GZipFile.readline too slow #51720

asnakelover · 2009-12-10T16:11:23Z

BPO	7471
Nosy	@pitrou, @jackdied, @briancurtin
Files	gzip_7471_patch.diff: Patch for Python 3.2 gzip_7471_io_patch.diff: Patch for Python 2.7 using the io module. gzip_7471_py27.diff: Combined patch for Python 2.7 gzip_7471_py32.diff: Combined patch for Python 3.2

^{Note: these values reflect the state of the issue at the time it was migrated and might not reflect the current state.}

Show more details

GitHub fields:

assignee = None
closed_at = <Date 2010-01-03.22:40:04.182>
created_at = <Date 2009-12-10.16:11:23.030>
labels = ['library', 'performance']
title = 'GZipFile.readline too slow'
updated_at = <Date 2010-01-03.22:40:04.181>
user = 'https://bugs.python.org/asnakelover'

bugs.python.org fields:

activity = <Date 2010-01-03.22:40:04.181>
actor = 'pitrou'
assignee = 'none'
closed = True
closed_date = <Date 2010-01-03.22:40:04.182>
closer = 'pitrou'
components = ['Library (Lib)']
creation = <Date 2009-12-10.16:11:23.030>
creator = 'asnakelover'
dependencies = []
files = ['15536', '15575', '15619', '15620']
hgrepos = []
issue_num = 7471
keywords = ['patch']
message_count = 27.0
messages = ['96204', '96205', '96206', '96217', '96219', '96220', '96221', '96222', '96234', '96272', '96326', '96409', '96412', '96413', '96416', '96487', '96537', '96538', '96539', '96554', '96565', '96566', '96643', '96650', '96662', '96663', '97182']
nosy_count = 5.0
nosy_names = ['pitrou', 'jackdied', 'nirai', 'brian.curtin', 'asnakelover']
pr_nums = []
priority = 'normal'
resolution = 'fixed'
stage = 'resolved'
status = 'closed'
superseder = None
type = 'performance'
url = 'https://bugs.python.org/issue7471'
versions = ['Python 2.7', 'Python 3.2']

asnakelover · 2009-12-10T16:11:22Z

It's not a big problem because we can just shell to zcat but compare
these two:

$ time python ./b.py >/dev/null

real 0m10.977s
user 0m7.128s
sys 0m0.888s
$ time python ./a.py >/dev/null

real 1m19.015s
user 1m18.185s
sys 0m0.072s

$ # Notice that the gzip module (a.py) had the benefit of the files
being in a disk cache by too now...

$ cat a.py 
import gzip
import os

apt_cache_dir = "/var/cache/apt/apt-file"

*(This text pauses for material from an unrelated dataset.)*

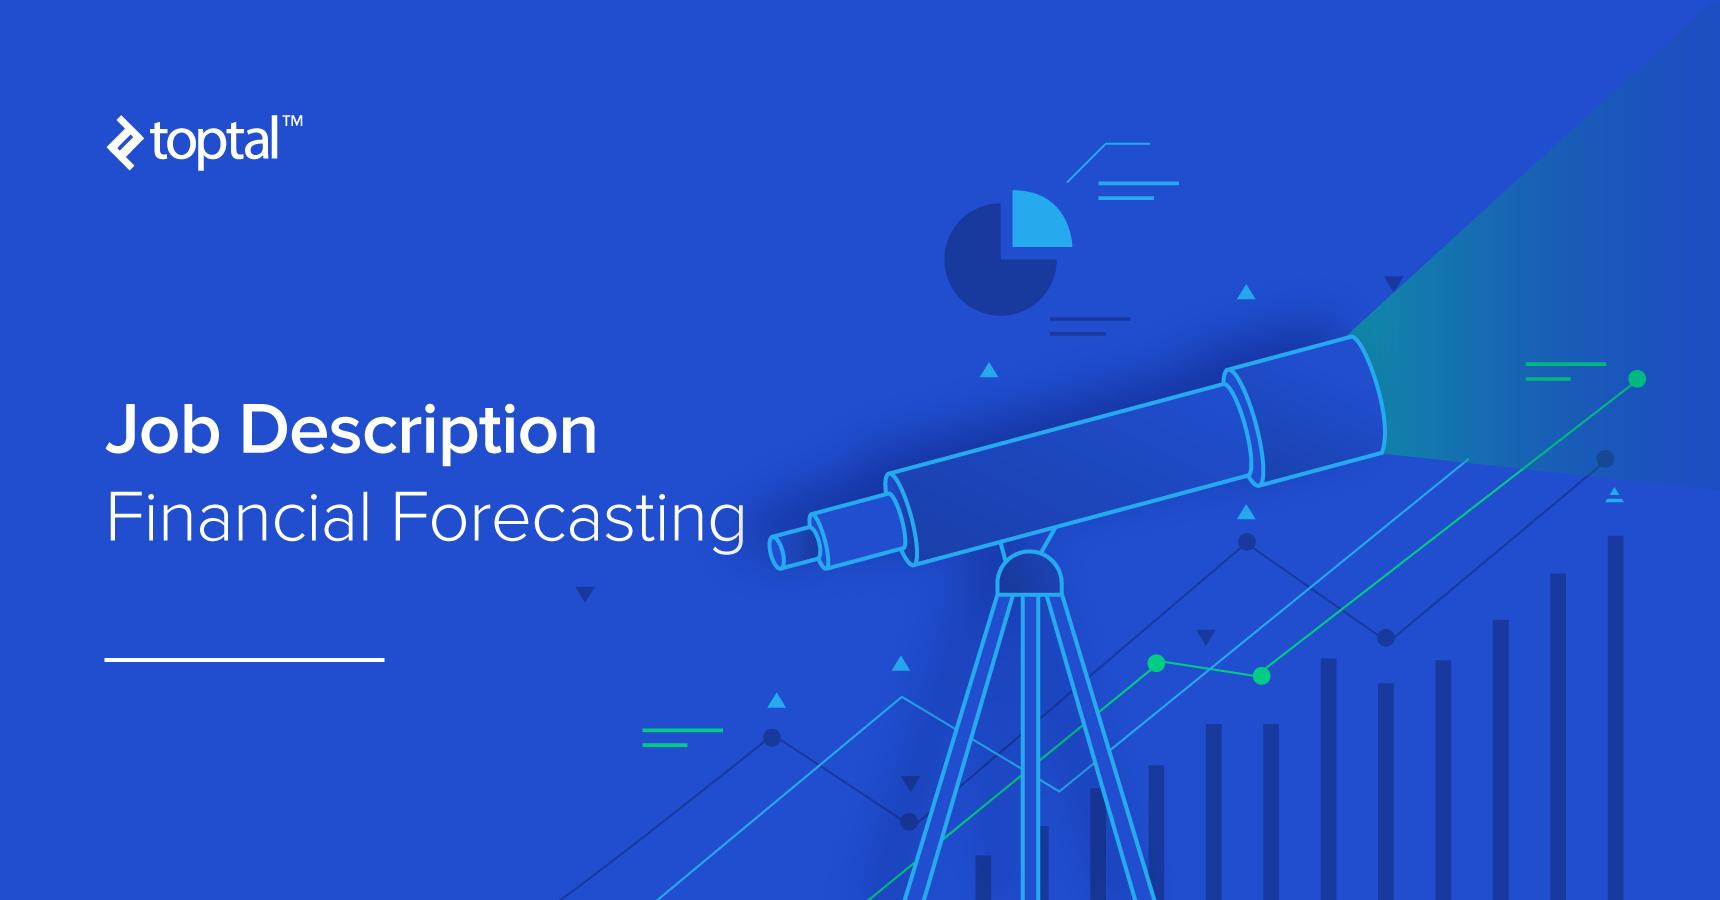 Financial Forecasting Expert – Job Description Template

for apt_cache_file in os.listdir(apt_cache_dir):
    if not apt_cache_file.endswith(".gz"):
        continue
    f = gzip.open(os.path.join(apt_cache_dir, apt_cache_file))
    for line in f:
        print line

$ cat b.py 
import os
import subprocess
from cStringIO import StringIO

apt_cache_dir = "/var/cache/apt/apt-file"

for apt_cache_file in os.listdir(apt_cache_dir):
    if not apt_cache_file.endswith(".gz"):
        continue
    p = subprocess.Popen(["zcat", os.path.join(apt_cache_dir,
apt_cache_file)],
        stdout = subprocess.PIPE)
    f = StringIO(p.communicate()[0])
    assert p.returncode == 0 
    for line in f:
        print line

Also tried this one just for "completeness":

$ cat c.py 
import gzip
import os
from cStringIO import StringIO

apt_cache_dir = "/var/cache/apt/apt-file"

for apt_cache_file in os.listdir(apt_cache_dir):
    if not apt_cache_file.endswith(".gz"):
        continue
    f = gzip.open(os.path.join(apt_cache_dir, apt_cache_file))
    f = StringIO(f.read())
    for line in f:
        print line

But after it had ran (with some thrashing) for 3 and a half minutes I
killed it.

pitrou · 2009-12-10T16:13:45Z

How does the following compare?

f = gzip.open(...)
s = f.read()
for line in s.splitlines():
    print line

pitrou · 2009-12-10T16:15:49Z

(GZipFile.readline() is implemented in pure Python, which explains why
it's rather slow)

asnakelover · 2009-12-10T22:27:13Z

Hope this reply works right, the python bug interface is a bit confusing
for this newbie, it doesn't say "Reply" anywhere - sorry if it goes FUBAR.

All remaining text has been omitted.